Check the appropriate box below if the Form 8-K filing is intended to simultaneously satisfy the filing obligation of the registrant under any of the following provisions (see General Instruction A.2. below):

 

Written communications pursuant to Rule 425 under the Securities Act (17 CFR 230.425)

 

Soliciting material pursuant to Rule 14a-12 under the Exchange Act (17 CFR 240.14a-12)

 

Pre-commencement communications pursuant to Rule 14d-2(b) under the Exchange Act (17 CFR 240.14d-2(b))

 

Pre-commencement communications pursuant to Rule 13e-4(c) under the Exchange Act (17 CFR 240.13e-4(c))

Indicate by check mark whether the registrant is an emerging growth company as defined in Rule 405 of the Securities Act of 1933 (§230.405 of this chapter) or Rule 12b-2 of the Securities Exchange Act of 1934 (§240.12b-2 of this chapter).

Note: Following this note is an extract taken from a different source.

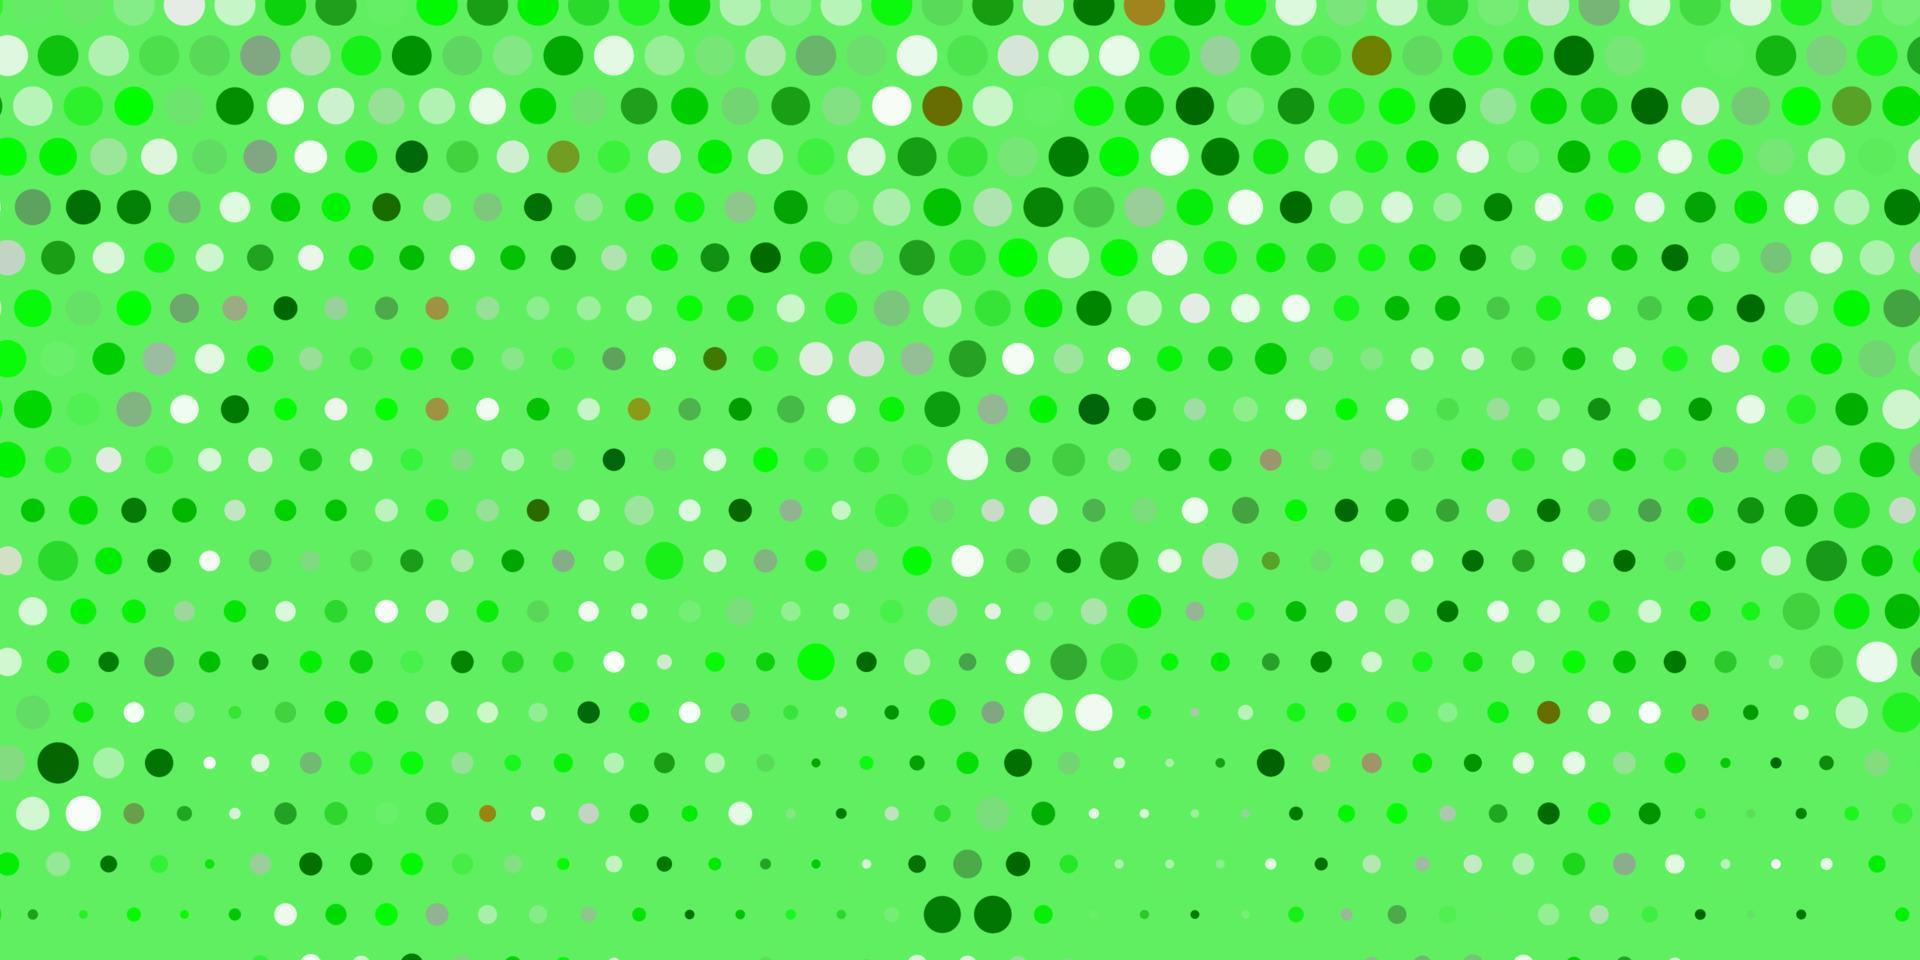 modelo de vetor verde e amarelo claro com círculos.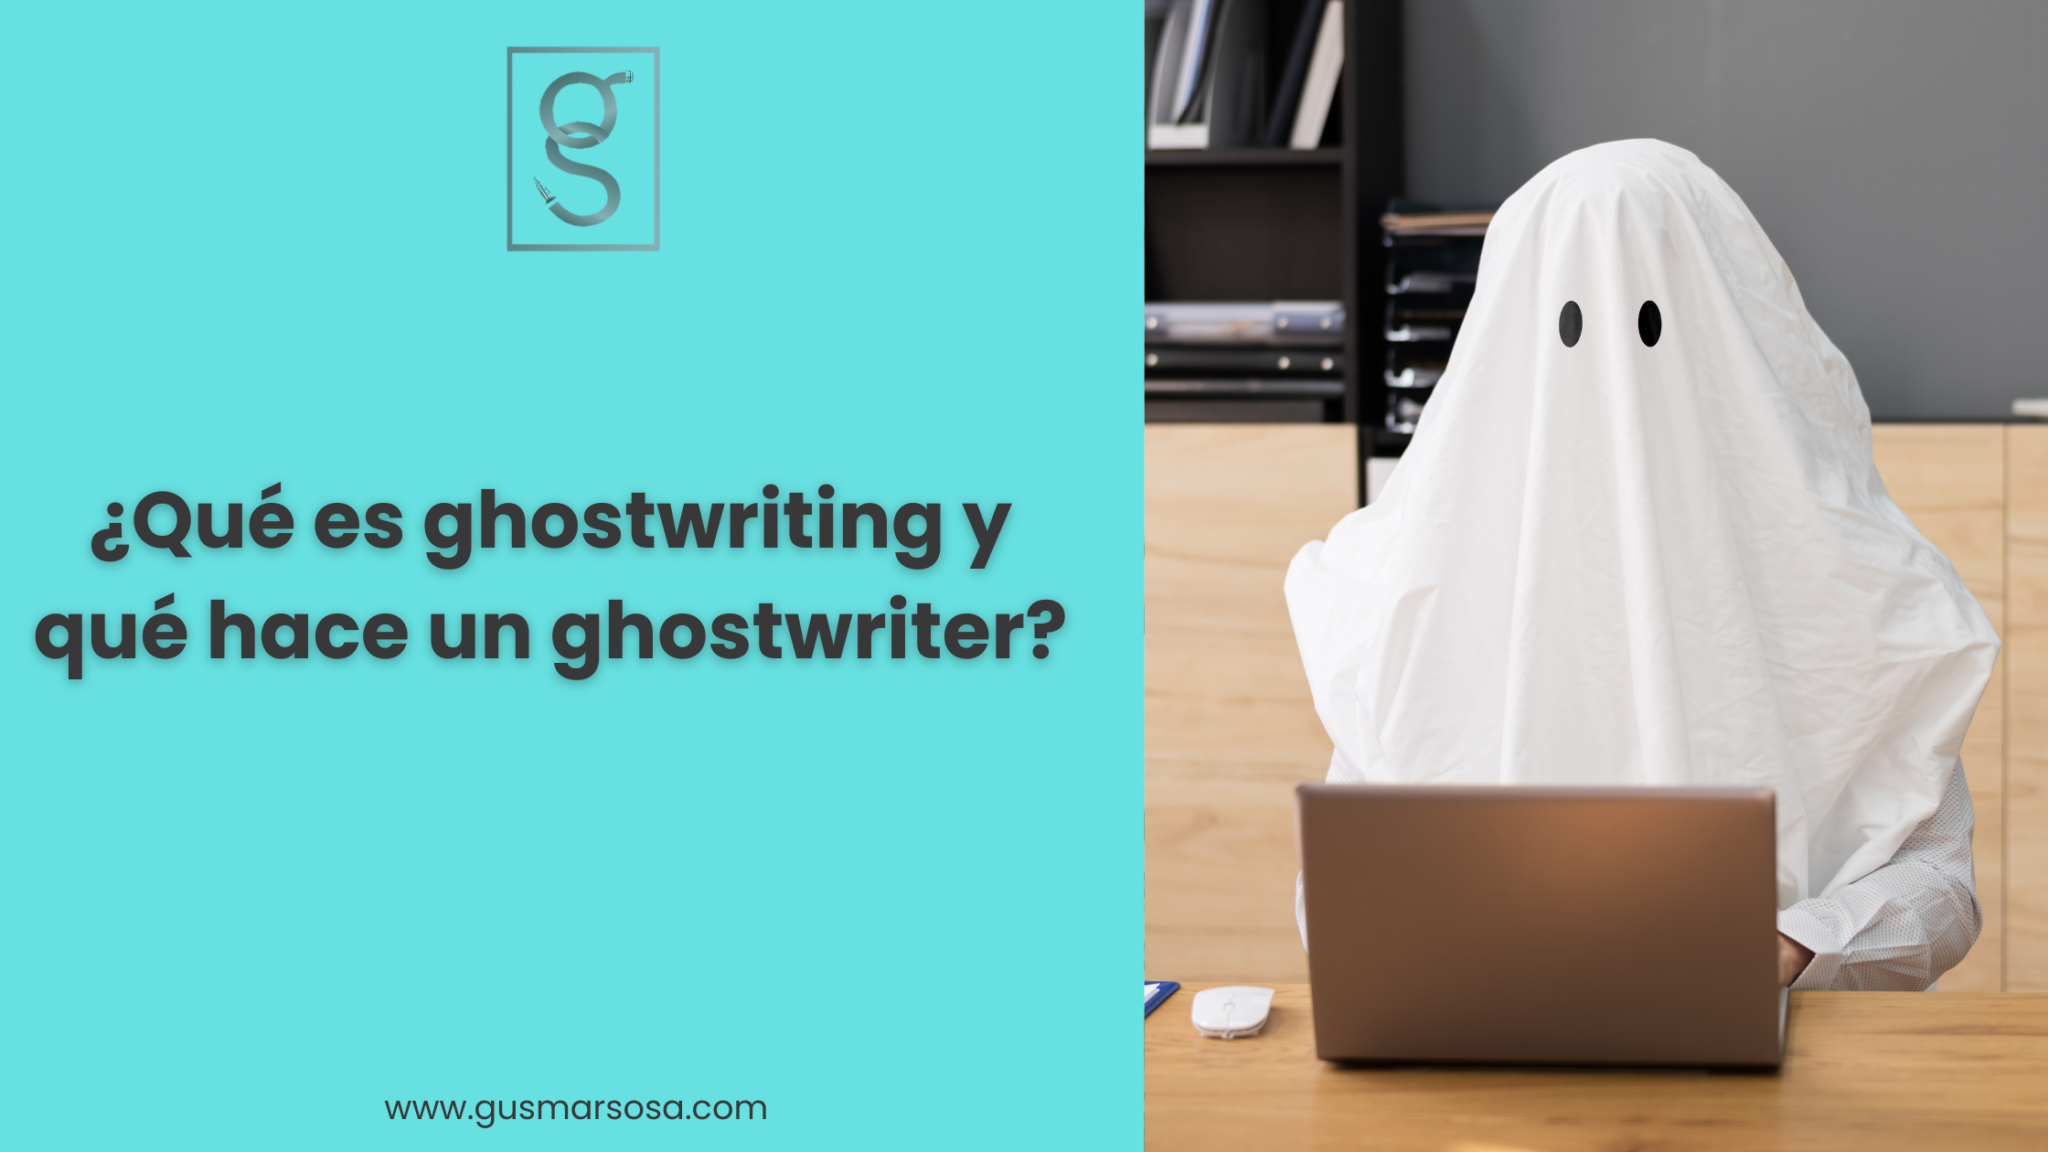 ¿Qué es ghostwriting y qué hace un ghostwriter?

Emerging growth company  ☒

If an emerging growth company, indicate by check mark if the registrant has elected not to use the extended transition period for complying with any new or revised financial accounting standards provided pursuant to Section 13(a) of the Exchange Act.  ☒

 

 

 


Item 1.01 Entry into a Material Definitive Agreement.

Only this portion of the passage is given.